Em fins do século XIX, próximo ao Riacho dos Massetes, Domingues, obstinado, mescla à água fervida muitas medidas de um mate que em tempos remotos pertencera aos fugitivos negros, e que agora serve para acalmar aos brancos e pardos. Sua verdadeira identidade é para todos daquela região um segredo, bem como sua origem. Mas ninguém ignora que já há muitos dias, aos entardeceres; com um olhar empoeirado pelo tempo a tragar o seu cimarrón, observa atenciosamente toda porção sul da primitiva paisagem.

Tarefa honrosa a de um espectador que se vê obrigado a crer na impossibilidade, sobretudo ao que de antemão possa (aos olhos) parecer-lhe impossível. Aos que agora podem distinguir entre esses dois homens, quero contar o destino de ambos, e intercalá-los até o momento de suas sortes, algo que ainda hei de inteirar-lhes do motivo de se encontrarem juntos nos confins de um certo subúrbio de um peremptório país. O caso se passa em dias de Março de 1896. O relato sugere destreza, mas duvido não poder contá-lo rapidamente.

Sendo assim, parto de um seguinte documento oficial da época:

“A 15 de Outubro do anno findo, em obediência à ordem já referida, promptamente satisfiz a requizição, feita pelo Dr. Alípio Mello, de uma força de ceem praças da guarnição para ir bater aos 16 dias de Março do anno vindouro fanáticos de um arraial, asseverando-me que, para tal fim, era aquelle número mais que sufficiente.”

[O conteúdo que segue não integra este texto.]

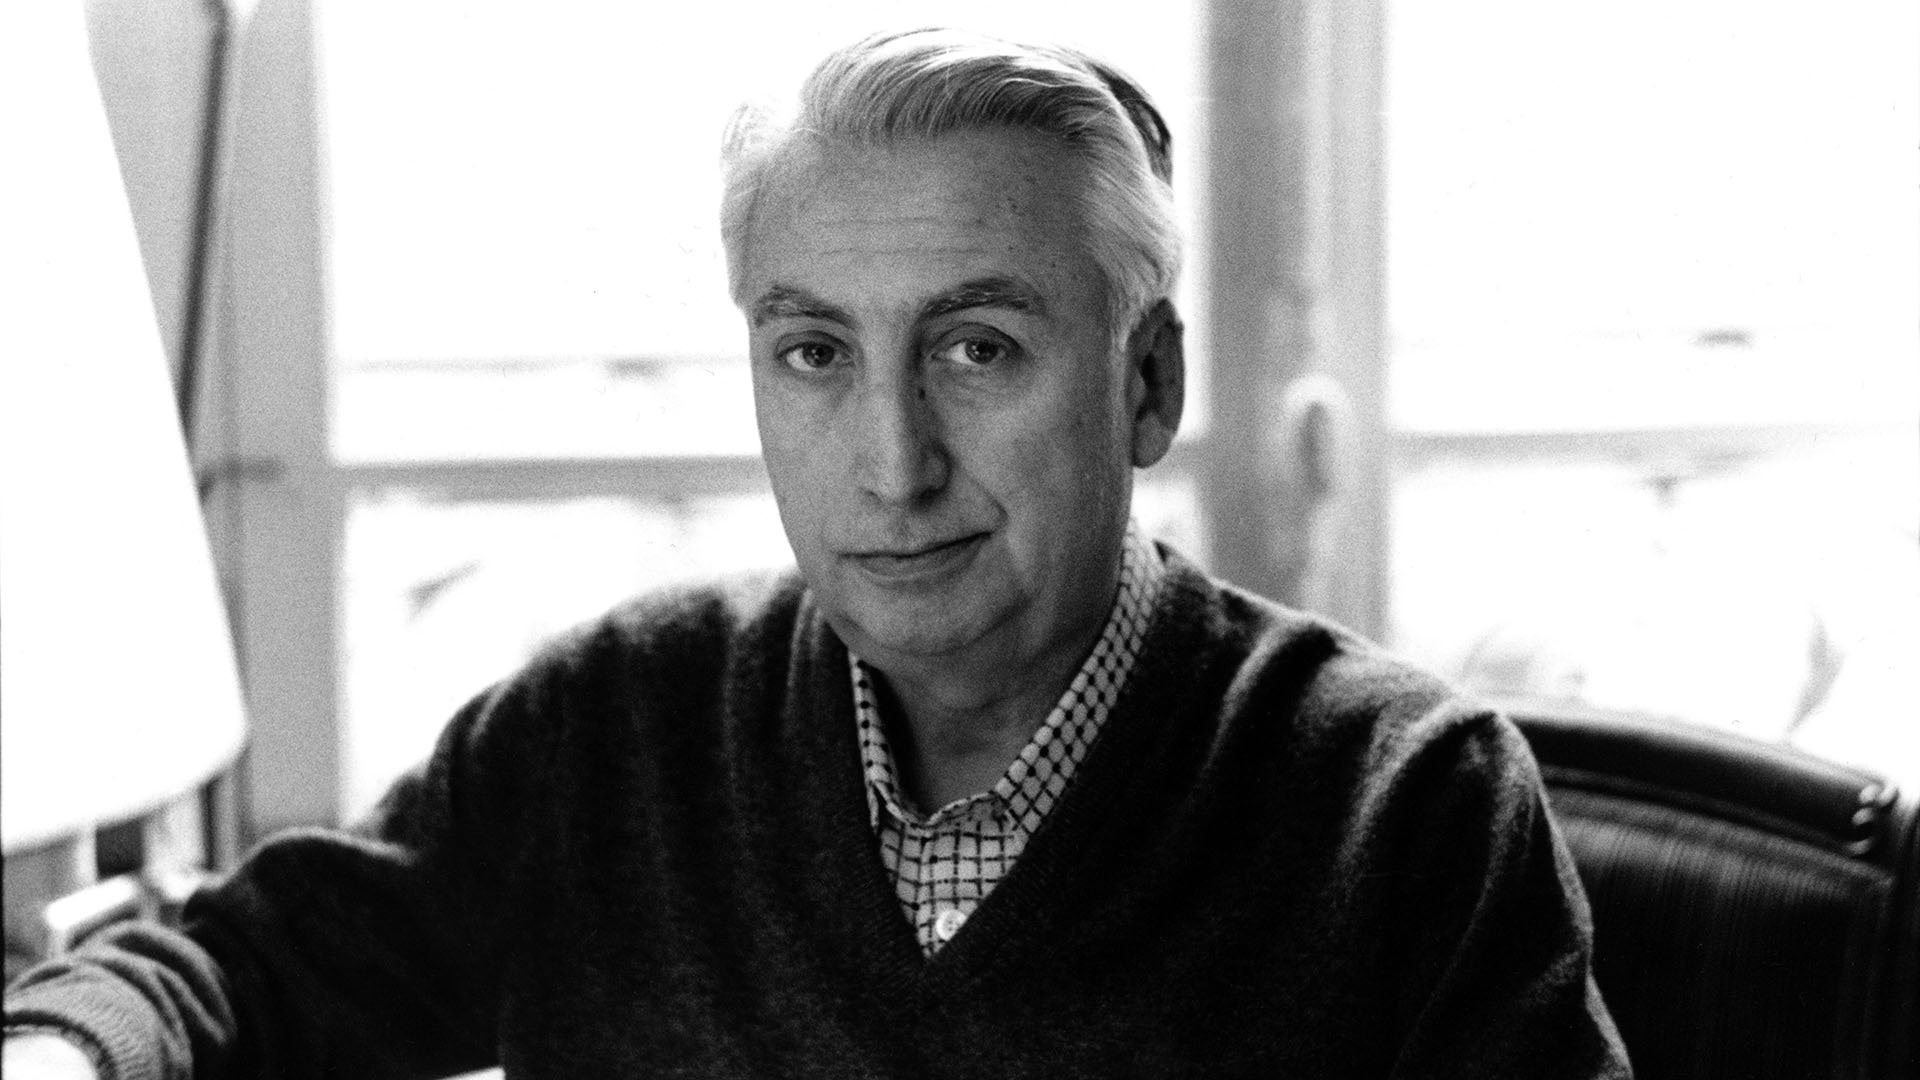 El lingüista francés Roland Barthes en 1979 (Ulf Andersen/Getty Images)

Confiado no inteiro conhecimento da causa,
Tenente Domingues Ferreira, do 9º Batalhão de Infantaria

Anota Spinoza em uma de suas mais belas obras que Deus não odeia ninguém, mas que também não ama. O homem cujas mãos doloridas sonha o que deverá ser seu possível futuro acredita na hipótese que confirma a bondade divina. O segundo, Domingues, revive-O a cada pronúncia de Seu sagrado nome com a mais profunda indiferença. Seu indigente militarismo fora crucial para tal escolha. Uma descarga no peito revelou-lhe a malícia aos vinte; uma morte por que fora responsável tratou de agravar-lhe ainda mais os nervos. Aos vinte e nove anos torna-se Tenente; tendo, porém, agora, dezenas dos mais sanguinários inimigos às costas. Nunca mais atingira-o sequer uma bala; jamais o atingira, até então, uma mulher. Erra de prostíbulos às batalhas; das batalhas aos bares; dos bares aos prostíbulos. De uma correspondência de Dr. Alípio Mello, comandante da capital, recebe ordens prontamente. Passados dias responde-lhe de sua benevolência para com a nobre causa, aguardando somente a confirmação e a data da investida. Dias mais; e a confirmação. Algumas semanas lhe são suficientes para o acampar e margear o arraial com seus mais de cem homens. O sangue, precedido pela iminente guerra, dá à Domingues um ar imperial. Um escuro rio que pende lentamente da noite a poucos metros do vasto e agitado campo de batalha convida-o silenciosamente. Domingues dá o dorso às aguas; mergulha solitário. Ao boiar enxerga no cimo de uma negra serra aquilo que jamais o sensibilizara; o brilhante universo. Chora; refaz-se rapidamente enquanto o surpreende o inexplicável sentimento; enxuga-se; repousa. Neste ponto do relato a figura de Domingues se dilui. Ao amanhecer desperta-o o irrefreável vozerio dos soldados. “Tenente, uma mulher o procura. É do arraial.” “Que entre rápido a rapariga, pois não tenho tempo”. Traga uma bebida amarga quando (sem que ele a veja) toca-lhe a mão uma irresistível mulher. Domingues, ainda anuveado pela noite anterior, redimensiona o olhar ao olhar de quem o toca. A inexplicável noite torna-se explicável. Acreditem; ele a ama imediatamente.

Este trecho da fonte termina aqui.